What the statisticians say

There are only a few texts solely devoted to the case-control design. Armenian (2009) provides a contemporary look at the case-control design. Schlesselman (1982) is now outdated but provides a good introduction to the classical case-control design. Rothman et al. (2008) provide a detailed account of the case-control design, with a strong emphasis on density case-control studies. Woodward (2004) covers case-control designs in Chapter 6, whilst Streiner & Norman (1998) provide a rapid overview of the design at an elementary level. Thrusfield (2005) compares several observational designs for veterinary research, including the case-control design. Ramsey et al. (1994) looks at ecological case control studies.

von Stralen et al. (2010) reviews the advantages and disadvantages of the case control design. Knol et al. (2008) is a key paper on how to interpret the odds ratio for different types of case-control designs. Biesheuvel et al. (2008) demonstrate the advantages of the nested case-control design in diagnostic research. Marshall (2004) comments on the extensive misuse of the term 'case control study' to describe what are prospective, follow-up studies. Petitti (2004) is essential reading on lessons learnt from the hormone replacement therapy fiasco! Pearce (2004) explains how the prevalence odds ratio obtained from a case control study using prevalent cases may estimate the incidence rate ratio given certain assumptions. Pearce (1993) and Rodriguez & Kirkwood (1990) both provide readable accounts of the different variants of the case-control design.
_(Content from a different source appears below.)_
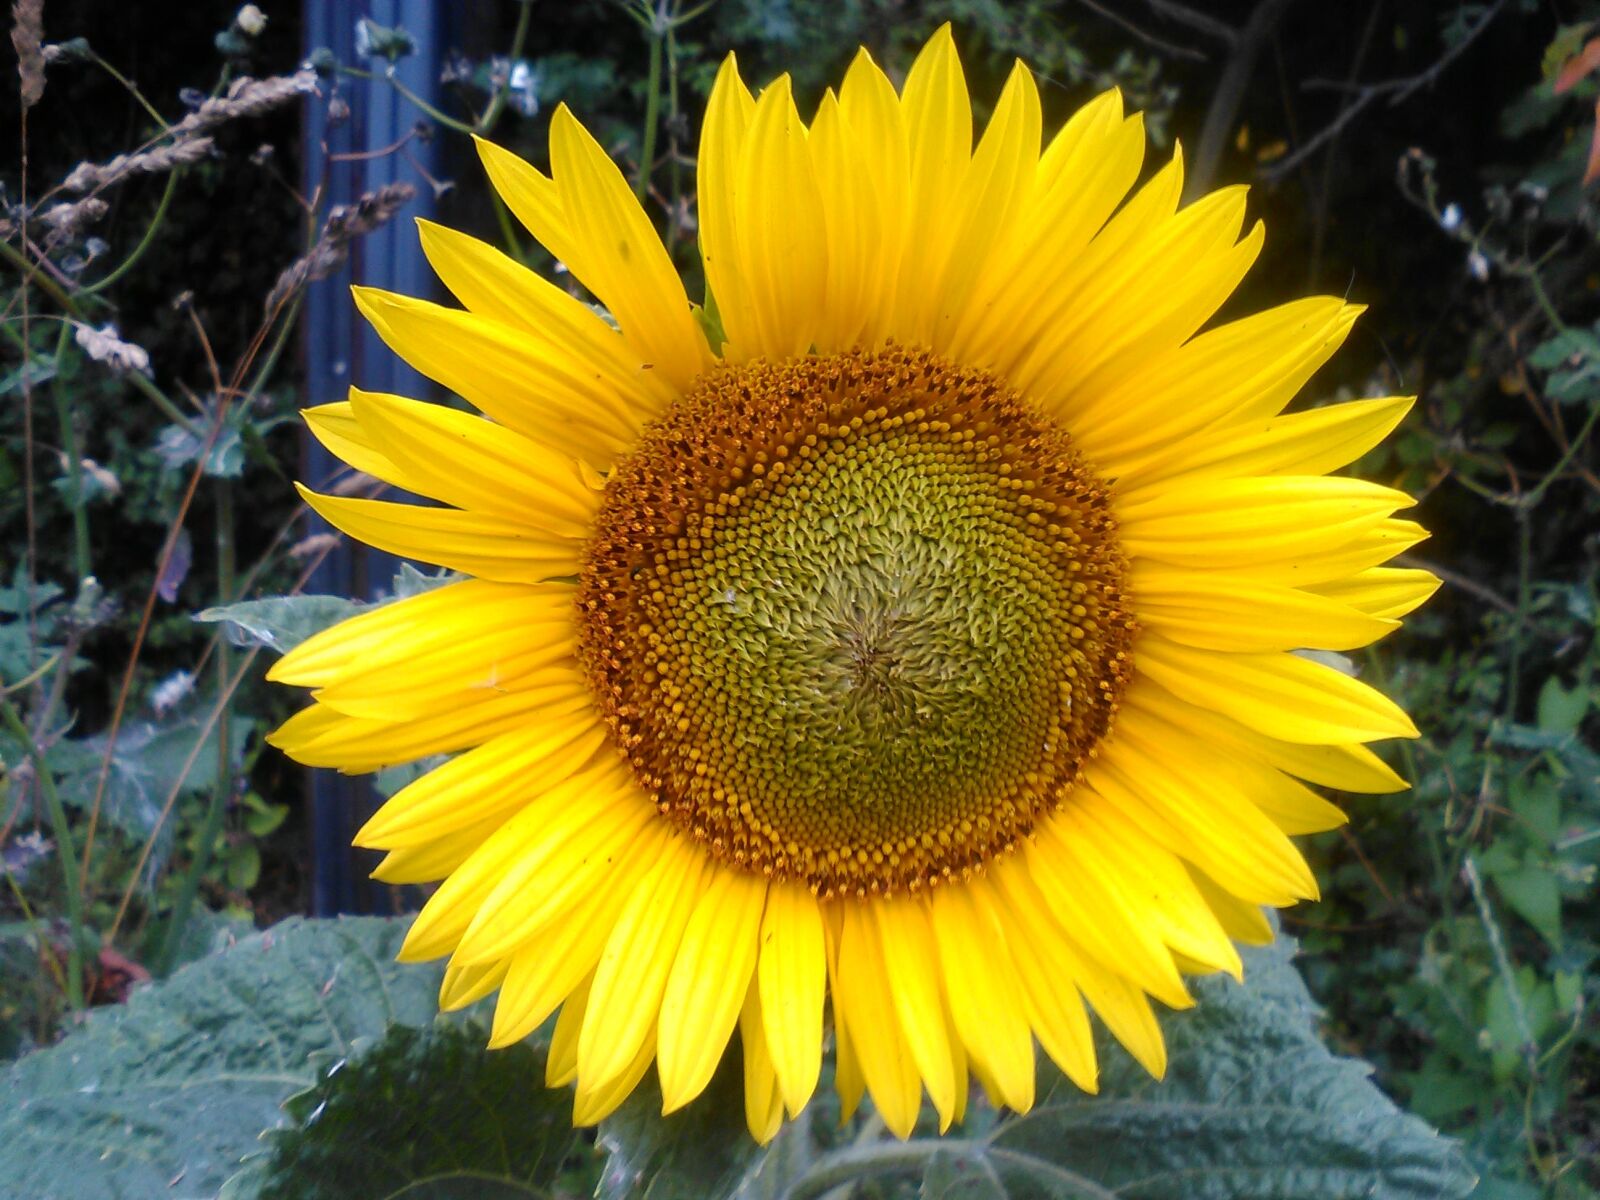 QCOM-AA QCAM-AA sample photo. Sunflower, flower, floral photography

Kuehni et al. (2006) highlight the risks of information bias in case-control studies. Mezei & Kheifets (2006) warn of selection bias and its implications for case-control studies. Grimes & Schulz (2005) and Schulz & Grimes (2002) provide excellent advice on the choice of controls. Agudo & Gonzalez (1999) also discuss the problem of selecting controls. Kaplan et al. (1998) looks at possible biases of the selection of friends as controls. Palmer (1989) gives a lively account of the problems of selection and measurement bias in case-control studies. Bloom et al. (2007) and Garey (2004) look at the use and misuse of matching in epidemiologic studies. Marsh et al. (2002) provide an excellent example of the dangers of over-matching in a case control study on radiation dose response effects. Costanza (1995), Sorensen & Gillman (1995), Bland & Altman (1994), Karon & Kupper (1982) and Kupper (1981) discuss the pros and cons of matching in case-control designs.
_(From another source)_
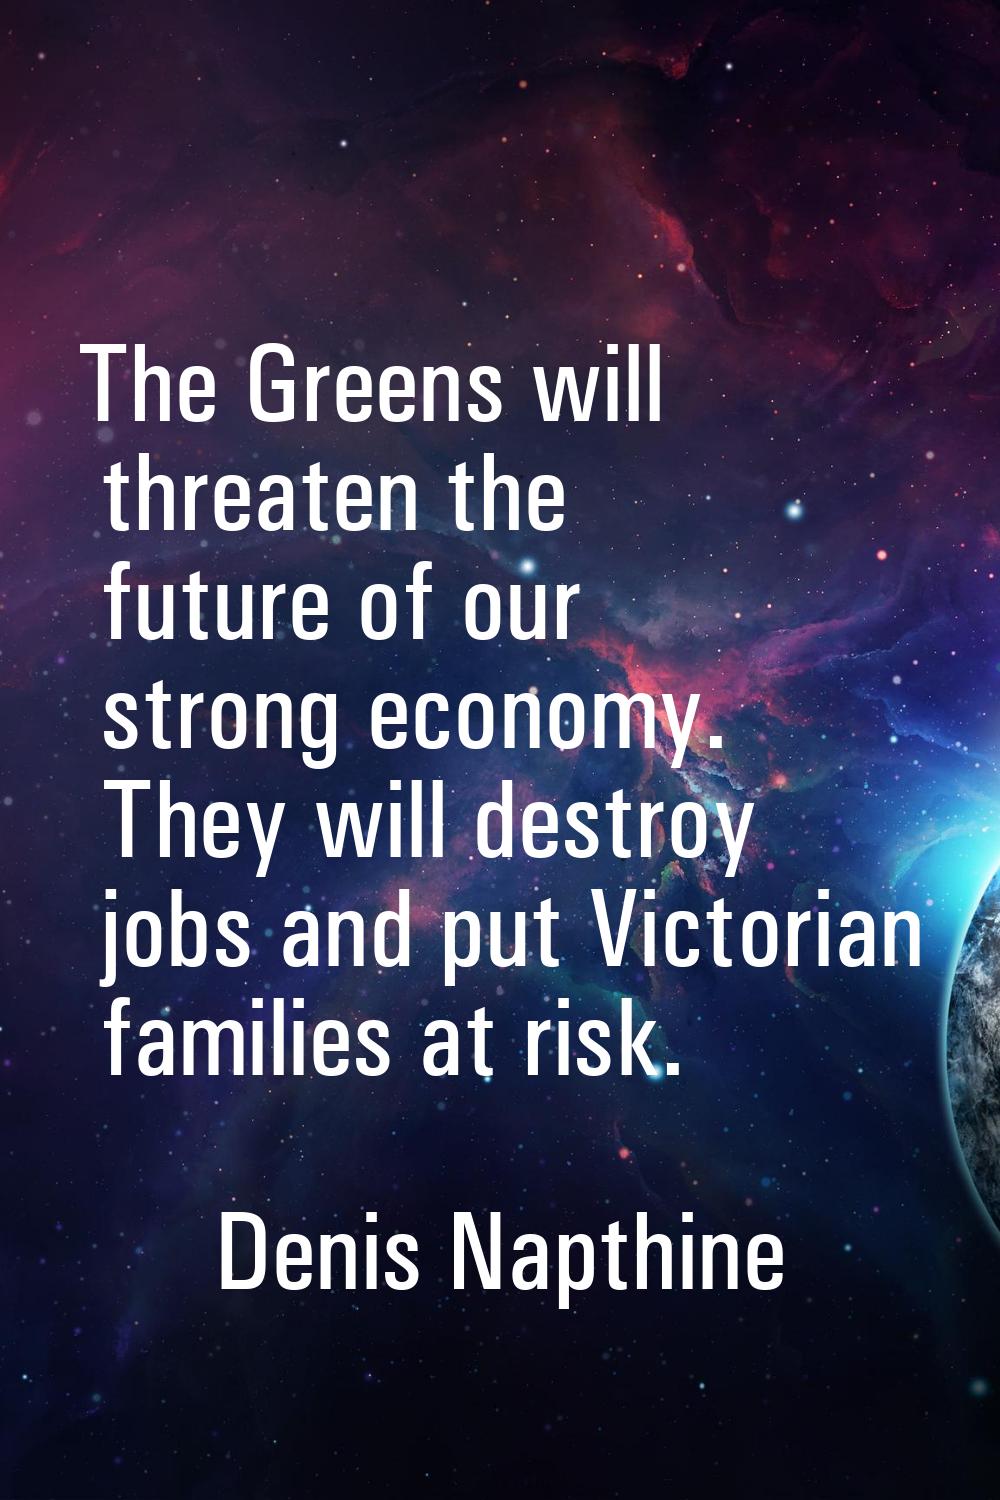 The Greens will threaten the future of our strong economy. They will destroy jobs and put Victorian

Aarts et al. (2008) describes the use of logistic mixed effects models to analyze wildlife telemetry data and simulated observations under a case-control design. Boyce (2006) and Pearce & Boyce (2006) consider use of the case control design to evaluate resource selection functions. Keating & Cherry (2004) discuss the use of logistic regression to analyze wildlife studies employing case-control sampling designs. Rabinowitz et al. (1999) calls for a wider use of cohort and case-control designs in studies of wildlife as sentinels for human health hazards.

Wikipedia provides sections on observational studies, case-control studies, nested case-control studies and matching. Meirik outlines the principles of cohort and case-control studies.